Quick question about snapshot memory usage

GeorgeAlexander · August 2, 2024, 10:48pm

I am on Ubuntu 24.10 with a data pool (booting from something else), and I suspect that installing zfs-auto-snapshot has made my system very slow.

So the question is does having a lot of snapshots increase memory usage, or should I look elsewhere?

Also, htop is no help in determining whether this is a good hypothesis. How can I check for myself?

thx

mgerdts · August 3, 2024, 12:12am

If the pool is pretty full, it can get slower. Years ago this started at 80%, but I think it kicks in later now. Data written while the pool was fullish may be slow to read.

If you enabled dedup that will cause problems unless you have gobs of RAM.

mercenary_sysadmin · August 3, 2024, 1:52am

Snapshots don’t affect RAM usage. They do take up storage, however, as the snapshots diverge from production–essentially, if you take a snapshot then delete a file, the file still exists in the snapshot, therefore you’re taking up all the space that your production takes, plus the space that the deleted file takes.

They also, if you accumulate too many, will slow down some ZFS operations pretty badly. General use of the production filesystem isn’t affected enough to notice, but if you accumulate 100 or so snapshots per dataset (and this is a per-dataset issue, not really a per-pool issue) you’ll wind up with zfs list -t snap and similar operations taking for-bloody-ever to complete, until you prune the snapshots back down to a reasonable number.

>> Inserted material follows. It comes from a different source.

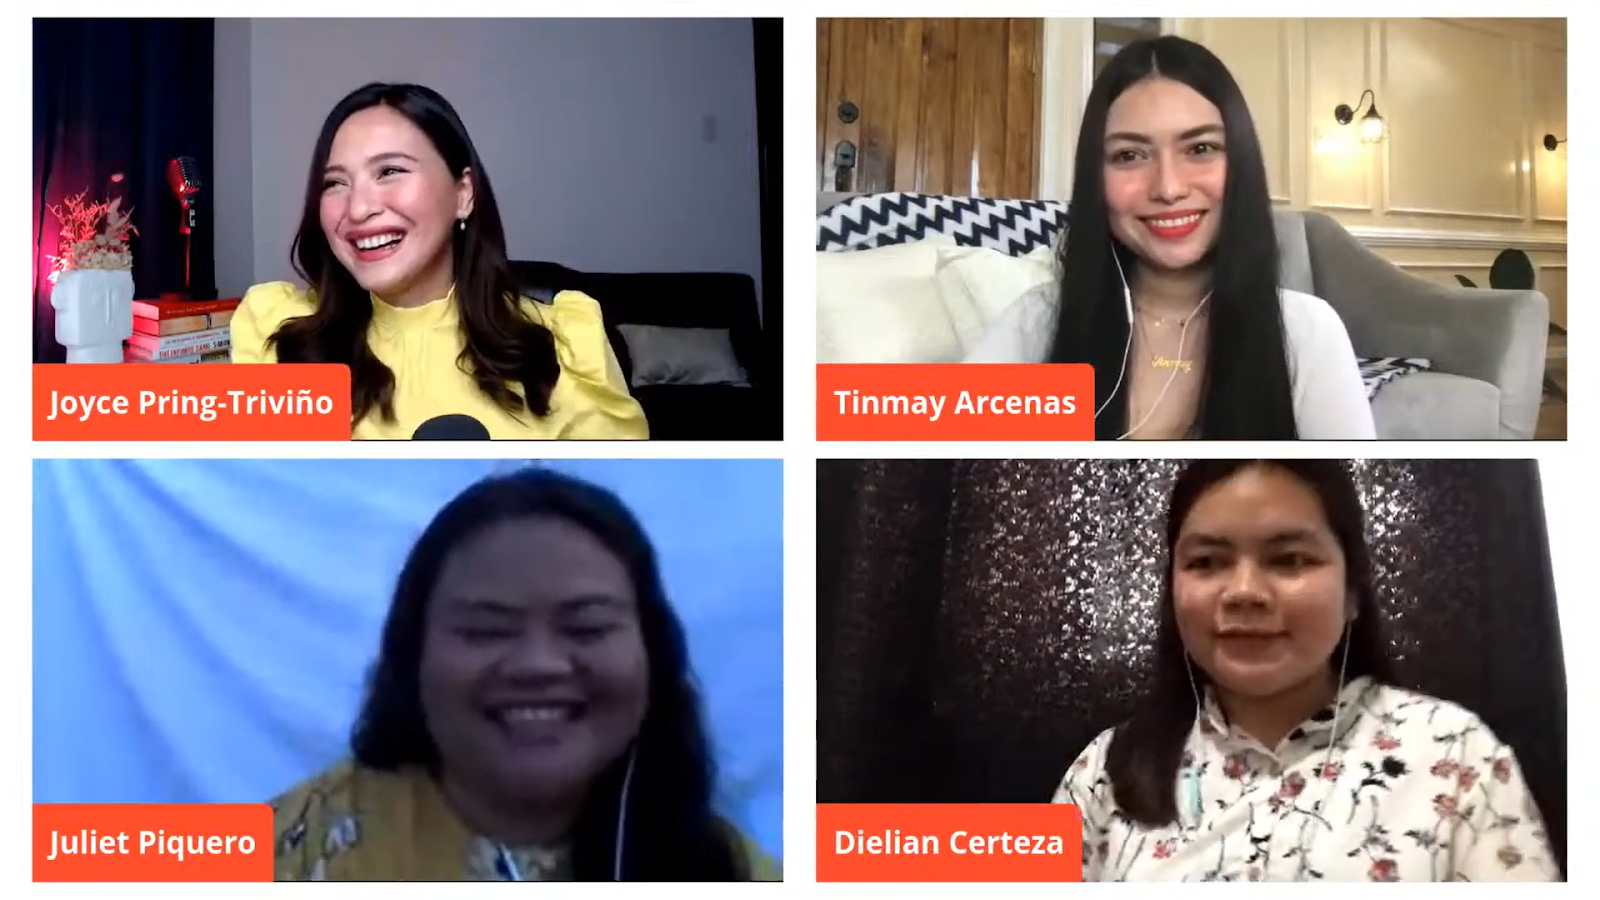 Digiskarteng Pinay Online Event Inspired Filipinas To Upskill And Create Livelihood With YouTube

GeorgeAlexander · September 22, 2024, 7:49pm

aside: I would guess something like httm cn provide insight to this?

Are cases of (unexpected) slowness documented somewhere, even unofficially?

Is there a good reason for this? IOW I don’t really understand how zfs works, and I’m guessing not many people do).

GeorgeAlexander · September 22, 2024, 7:50pm

no dedup - i thought that at first too.

i think it was getting full.

thx.

mercenary_sysadmin · September 23, 2024, 12:46am

Are cases of (unexpected) slowness documented somewhere, even unofficially?

At the very least, slides in presentations made at conferences by myself and Allan Jude. Beyond that, not sure. I discussed it once with Matthew Ahrens at the ZFS Dev summit, also.

I can’t give you a DEEP insight into the issue, but essentially iterating through large numbers of snapshots of the same dataset necessitates going deep down many links of the metadata tree, which in turn is an extremely punishing very small block I/O operation.

This isn’t something you encounter by using the actual filesystem, mind you. Strictly encountered when iterating snapshots of the filesystem.

Sorry I can’t give you any more technical detail than that, but honestly that was about as much detail as I was looking for myself when I asked about it. If you’re not planning to go elbow deep in the codebase yourself, that’s probably sufficient, and I don’t plan to go elbow deep in the codebase, so…

GeorgeAlexander · September 30, 2024, 6:17am

Anything you got is fine, thanks.